Meanwhile, comparisons with iPhones are much-overused, but an iPhone was a drop-in replacement for the phone you already had, and it was better than most phones even before it had 3G or an App Store. A Vision Pro is not a direct replacement for anything, and I think a better comparison is with the original Mac, back in 1984. It cost $2,500 - over $7,200 adjusted for inflation - and most people didn’t really know why they needed one, or indeed why they needed a personal computer at all. Even a decade later there were probably only 20-30m consumer PCs on the planet - it took the web to give most people a reason to buy. Some people like to argue that the ‘metaverse’ will play the same role, but to the extent that ‘metaverse’ means anything (and generally it doesn’t), the definition is circular. “What will we do with VR? The metaverse! What is the metaverse? What we do with VR!”

All of this is a long way to say that there are lot of questions about what people will want to do, and whether this will work. Check back in 2025, or 2030. However, I think there are two things we can say in March 2024 with much more certainty.

First, Meta and Apple both think that some combination of VR, AR and pass-through are the future, but neither they nor anyone else think you would wear a headset all day, no matter how light.

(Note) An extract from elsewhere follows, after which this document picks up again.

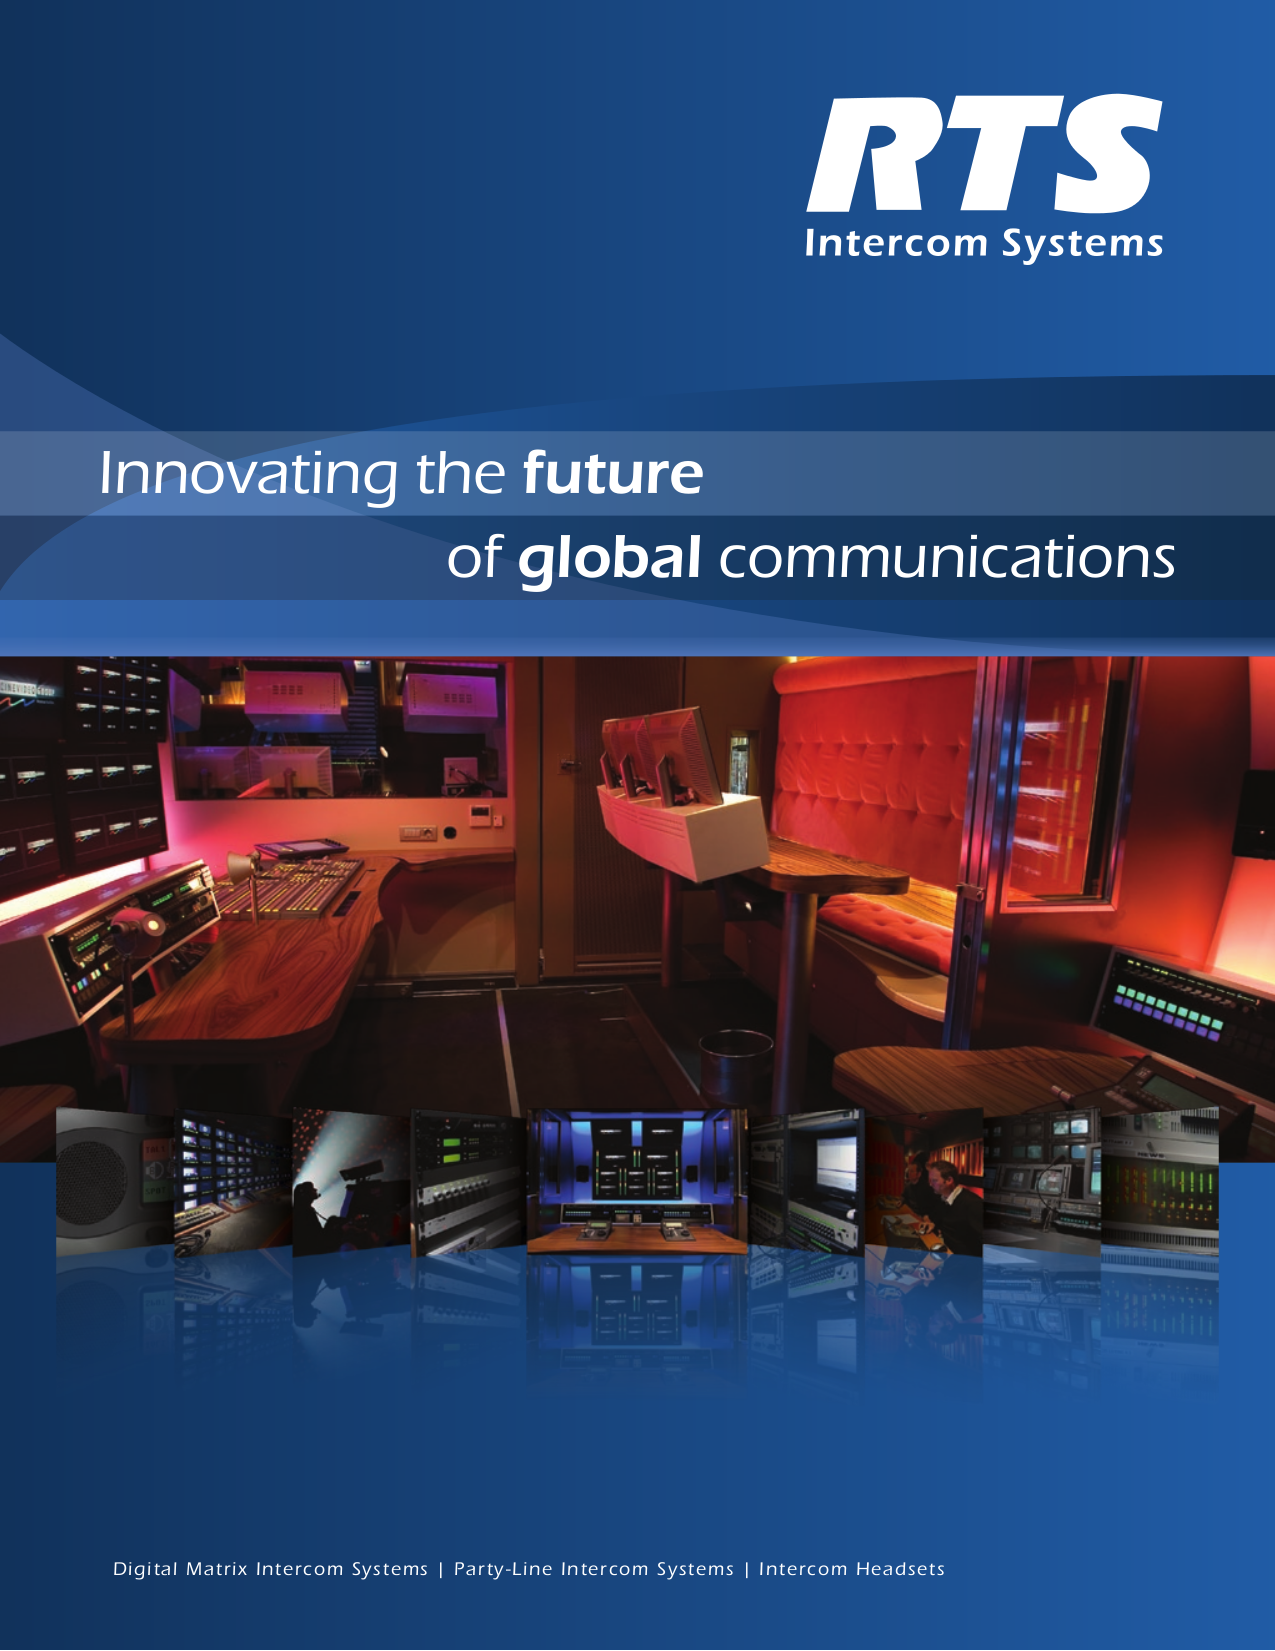 pdf for Telex Other Cronus IntercomSystem manual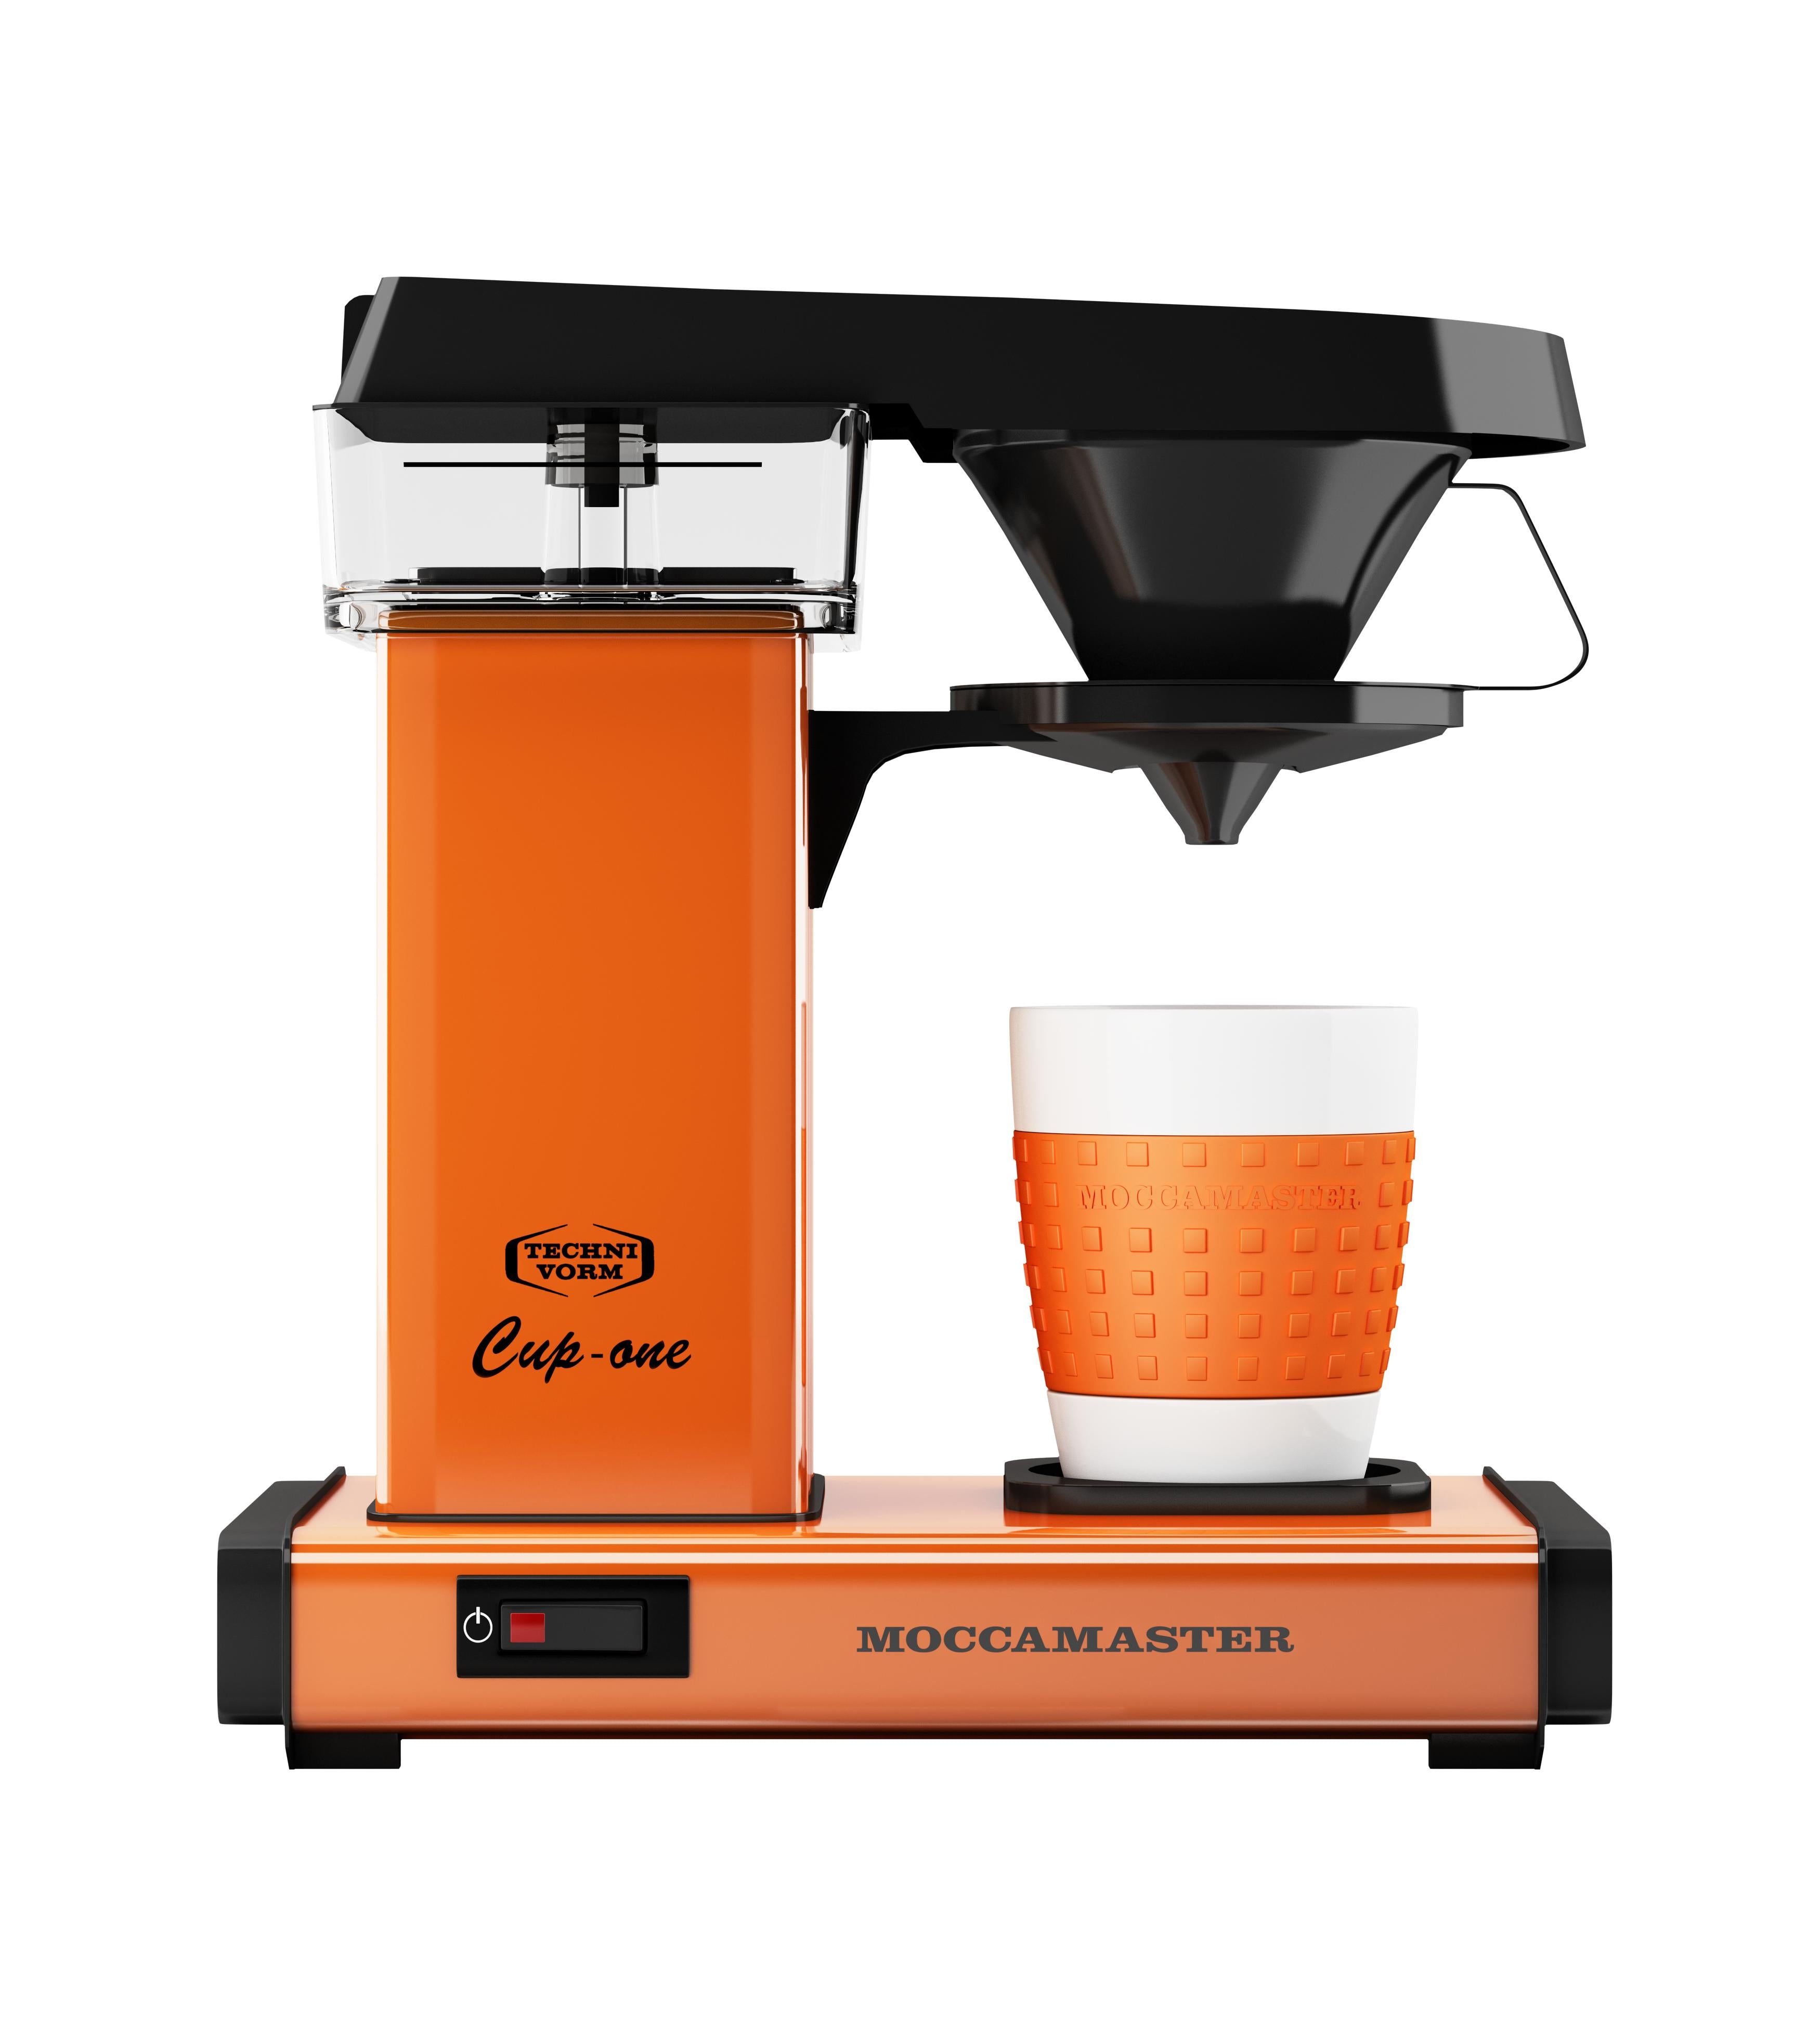 Filterkaffeemaschine Bohnen & Cup-One Moccamaster – Soehne

For that, you need glasses, but we don’t know when we’ll have the optics for that and we’re clearly not close (if Apple was close, would it still have shipped the Vision Pro?). Some part of Meta’s $15bn annual Reality Labs investment is going on glasses, plus whatever Apple is allocating, but for the time being this is what we have. That means that we don’t have a device that can replace the smartphone as the universal device that everyone on earth carries every day and uses as their main computer. That in turn means the market size, if all of this works, is an optional smartphone accessory, very similar, in fact, to an iPad. The iPad, after more than a decade of the ‘right device’ at the right price (which VR is nowhere near) has an installed base of perhaps 300m units: a big market and a decent outcome for shareholders, but only the smartphone is universal, so far. (Indeed, if we’re talking about smartphone accessories, we should also think about Apple’s watch and AirPods, and Meta’s Ray-Ban audio assistant. These are also accessories and also AR.)

Second, taking one step further back again, even if my doubts are all wrong, we won’t know any of this for years, and right now this is all still in the experimental category. Apple sells more watches in a typical quarter than Meta has active Quest users. Even the iPhone took years to start selling. It’s possible than in five years this will have started to work, and it’s possible than in five years we’ll have concluded that this is a niche, and we’ll have to wait for glasses, contact lenses or neural implants.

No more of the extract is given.